What needs to be done
Starting at the line containing "White veranda and" and ending at the line containing "cybersecurity capstone project", transcribe the listing below exactly. Keep both end lines, skip the pictures, and copy nothing else.

Records for this task

------------------------

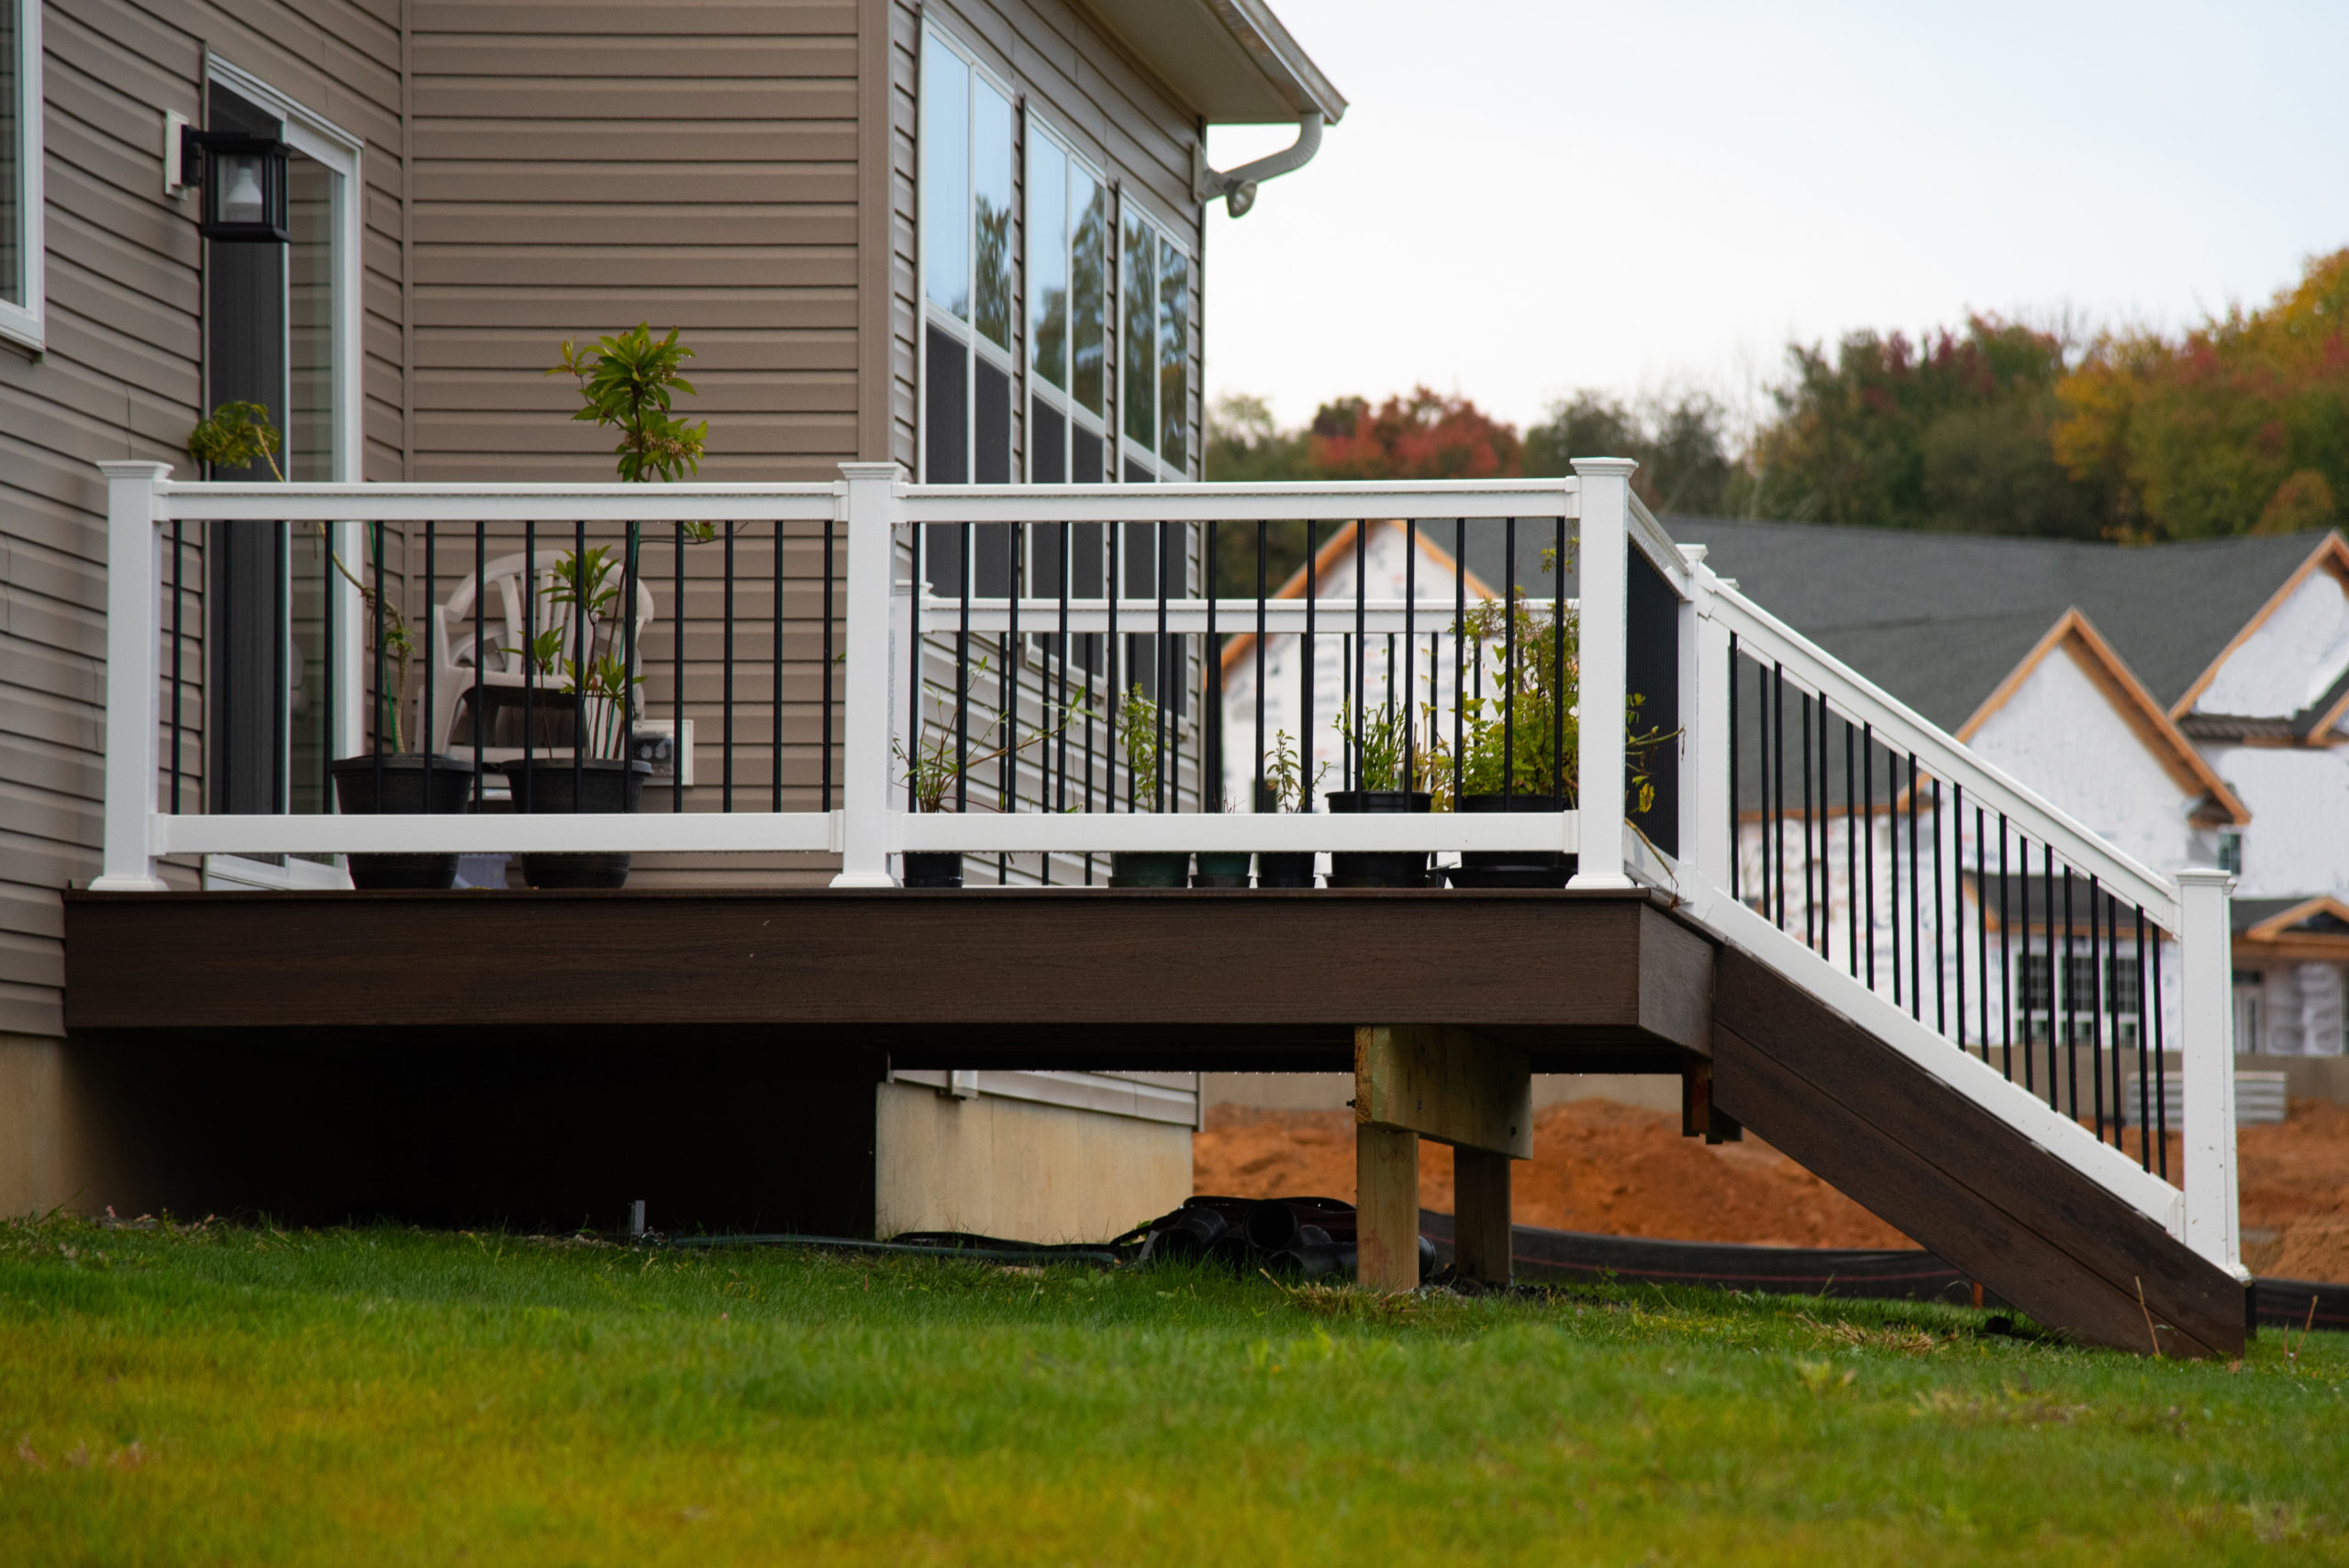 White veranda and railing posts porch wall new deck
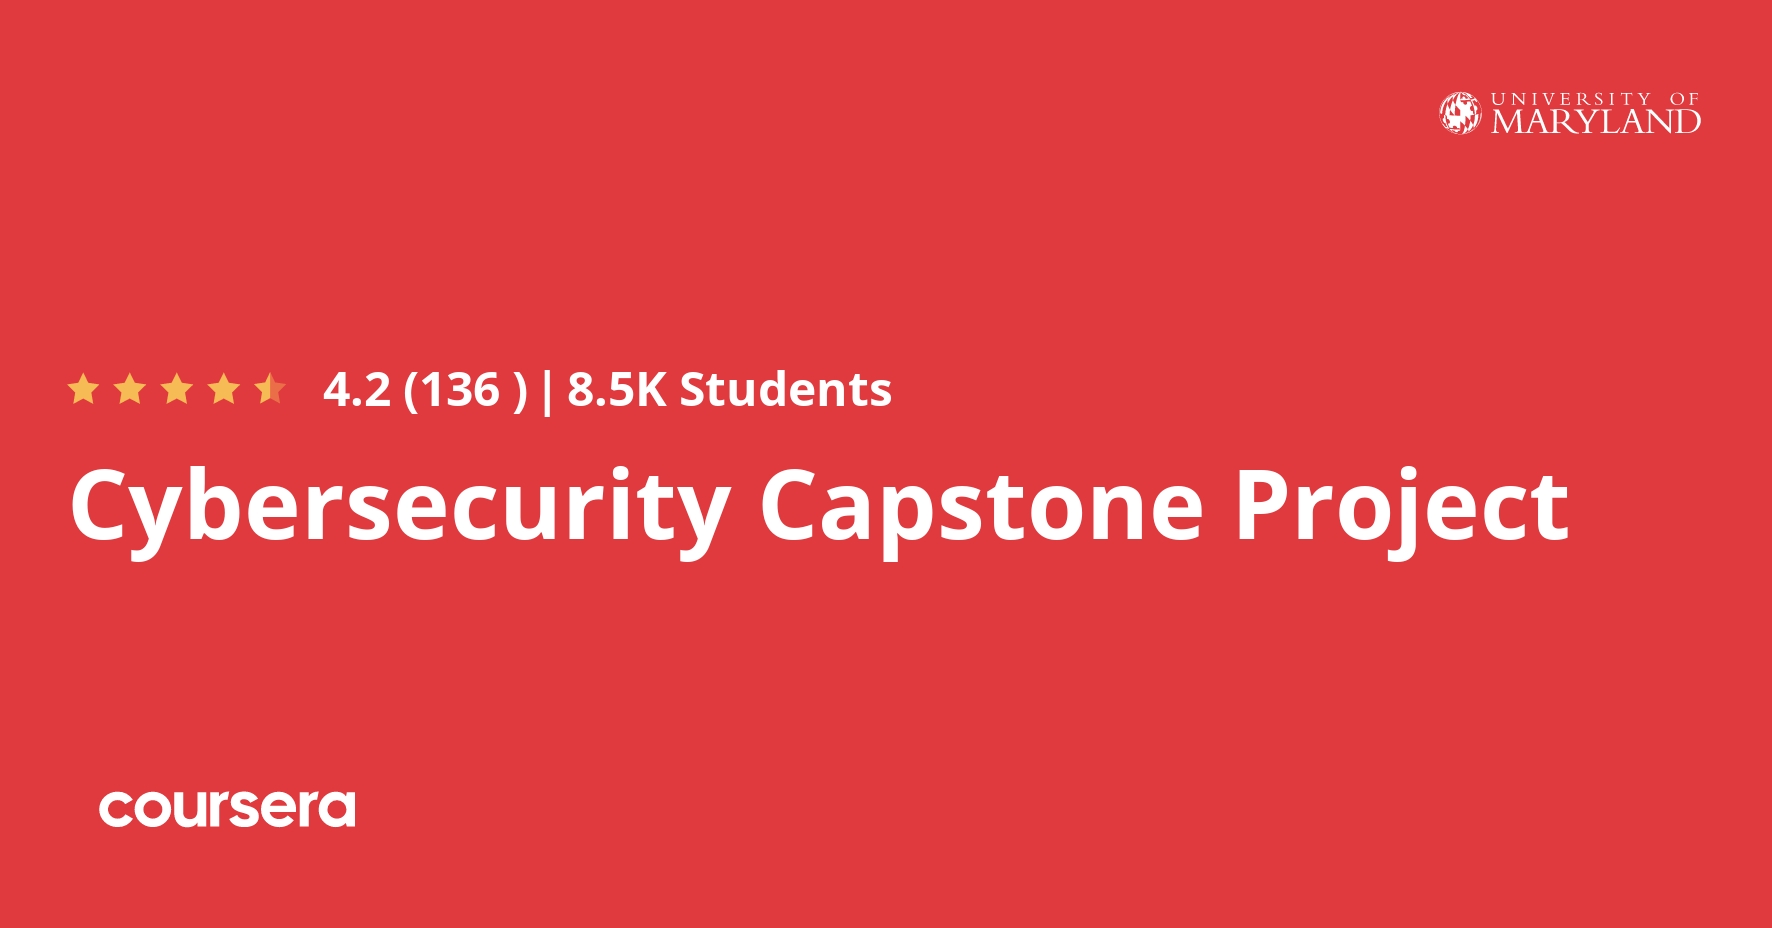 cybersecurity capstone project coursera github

------------------------

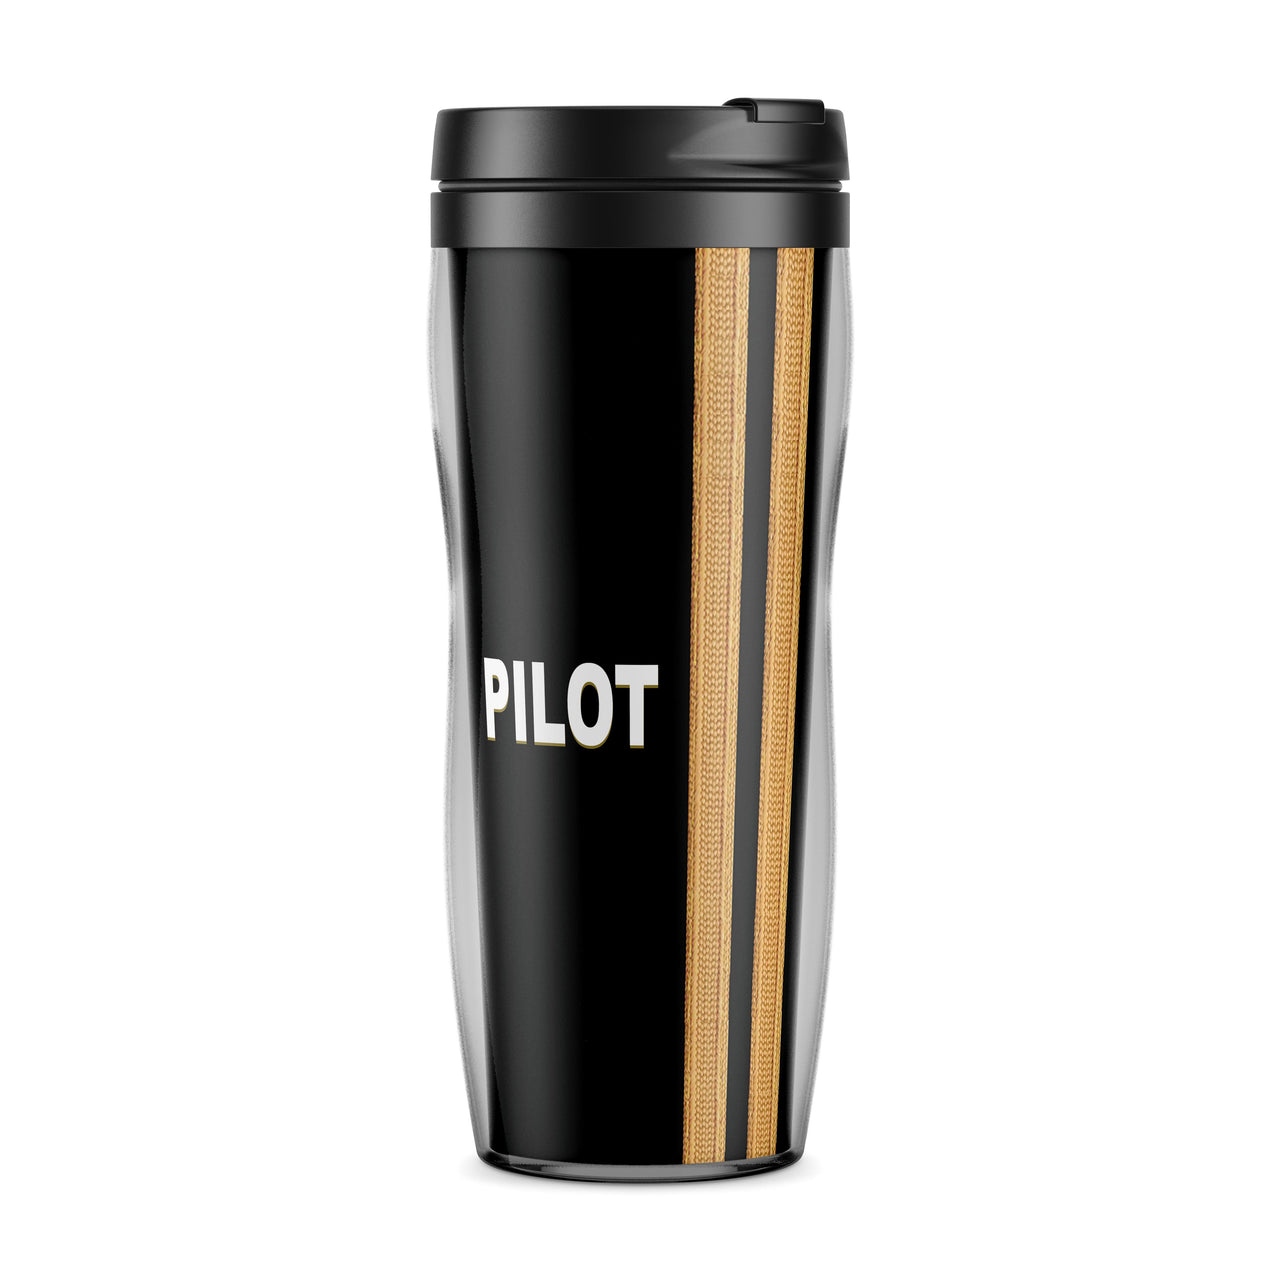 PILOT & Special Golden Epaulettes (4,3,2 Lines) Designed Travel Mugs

------------------------

Exercise answer
 White veranda and railing posts porch wall new deck
 cybersecurity capstone project coursera github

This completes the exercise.